В 8 утра Копылов пришёл в полк, и его отправили в посёлок Александрийский на учебный сбор. Здесь старший лейтенант приходил в себя и собирал свои мысли. Одна мысль нашёптывала: набирайся духа и езжай в Чечню; другая – пропадёшь, – Подколзин на том свете знает всё; третья мысль была не мыслью даже, а голосом подполковника Брегея. Голос говорил: "мудак".

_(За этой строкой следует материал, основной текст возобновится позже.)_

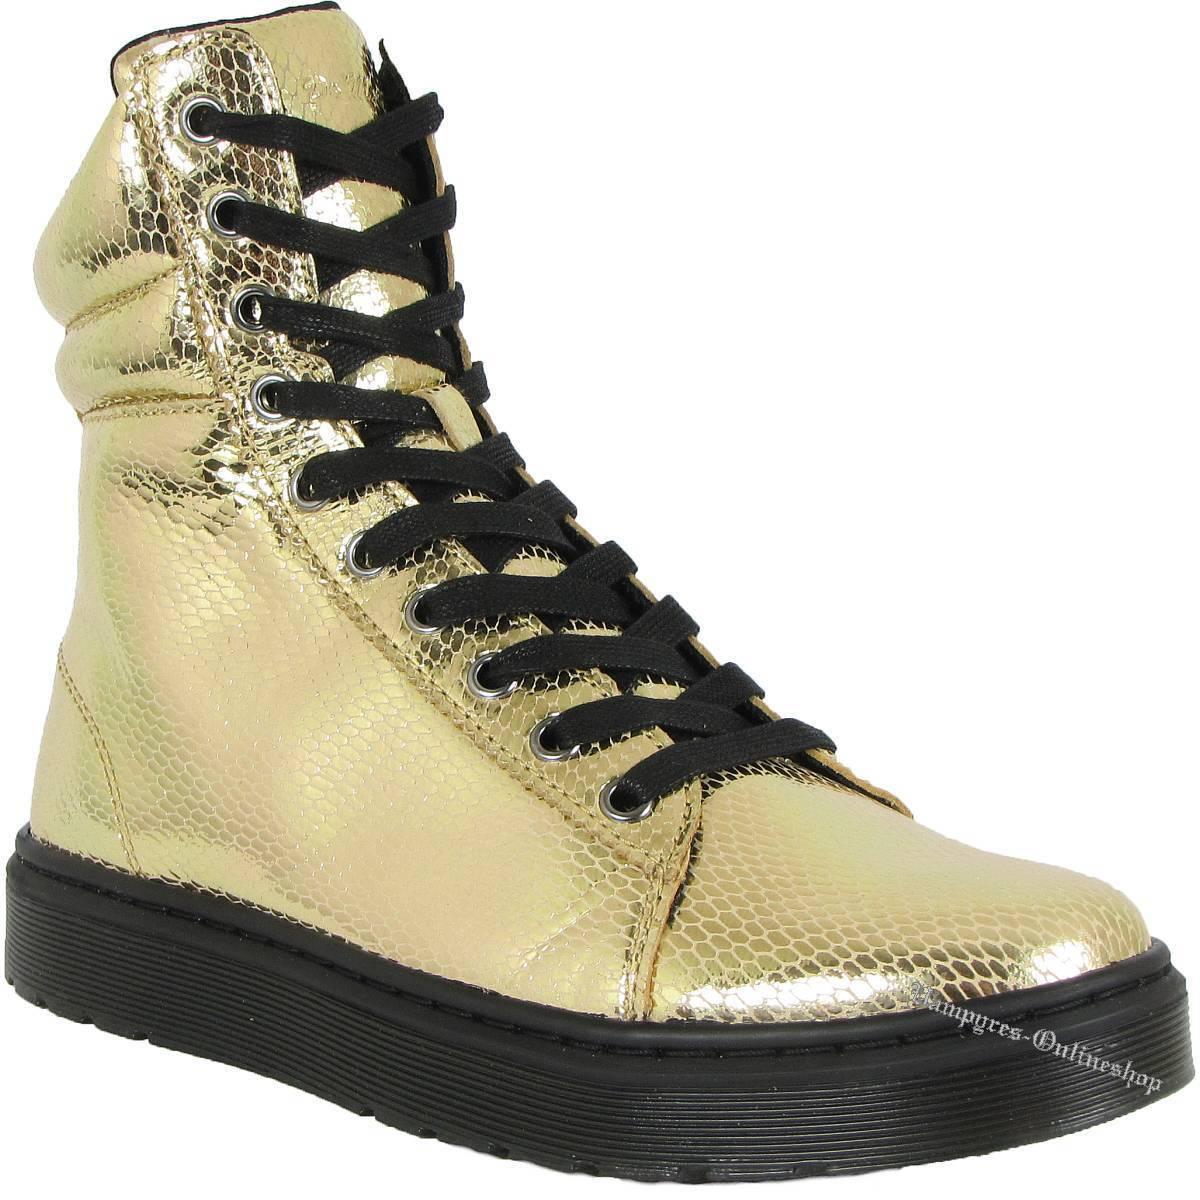 Dr. Martens Snake 10-Loch Mix Mini Metallic Snake Martens Oro 15319710 Docs Sneaker Air Wair 20ea03

Когда солдат Пильщиков заполнил лист беседы и старший лейтенант прочёл в нём, что отец Пильщикова неоднократно бывал за границей, а именно, в городе Тольятти, Копылов стал думать и об этом непонятном событии.
Он посмотрел, в какой стране живёт сам Пильщиков, потом – в каком городе. Оказалось, что в посёлке Узлы Волгоградской области. Позже Копылов взял лист солдата Ельцина и прочёл в нём, что Ельцин по специальности является водителем гусеничного трактора.
Когда из канцелярии стал пробиваться дым и в неё зашёл замполит роты старший лейтенант Вострозуб, Копылов сидел в турецкой позе у пылающего вороха листов беседы, мычал и отчаянно отмахивался.
В клубах и обрывках пепла ему чудился разорвавшийся в клочья прапорщик Подколзин
В Ведено
На траве, расстегнув кителя под апрельским солнцем, полулежат старший лейтенант Павлёнок и майор Забуцкий.
Забуцкий, помятый и красный, говорит Павлёнку, маленькому и сердитому: – Вышел приказ: всем чернобыльцам орден Мужества. Мне Обойщиков: "Пиши наградной"… Мы с Полуэктовым. Водки. Захреначили наградной… Посылаем… Звонит Обойщиков: "Ты чё-то слабо написал. Не тянет на Мужество. Перепиши"… Я Полуэктова. Водки… Захреначили новый наградной. Посылаем… Звонит Обойщиков: "Ты чё охренел?!.. Тут как минимум на Героя, а максимум ещё награду не придумали такую. Перепиши"… Я Полуэктова, водку. Хренячим средний наградной. Отправляем… Ни ответа, ни приве…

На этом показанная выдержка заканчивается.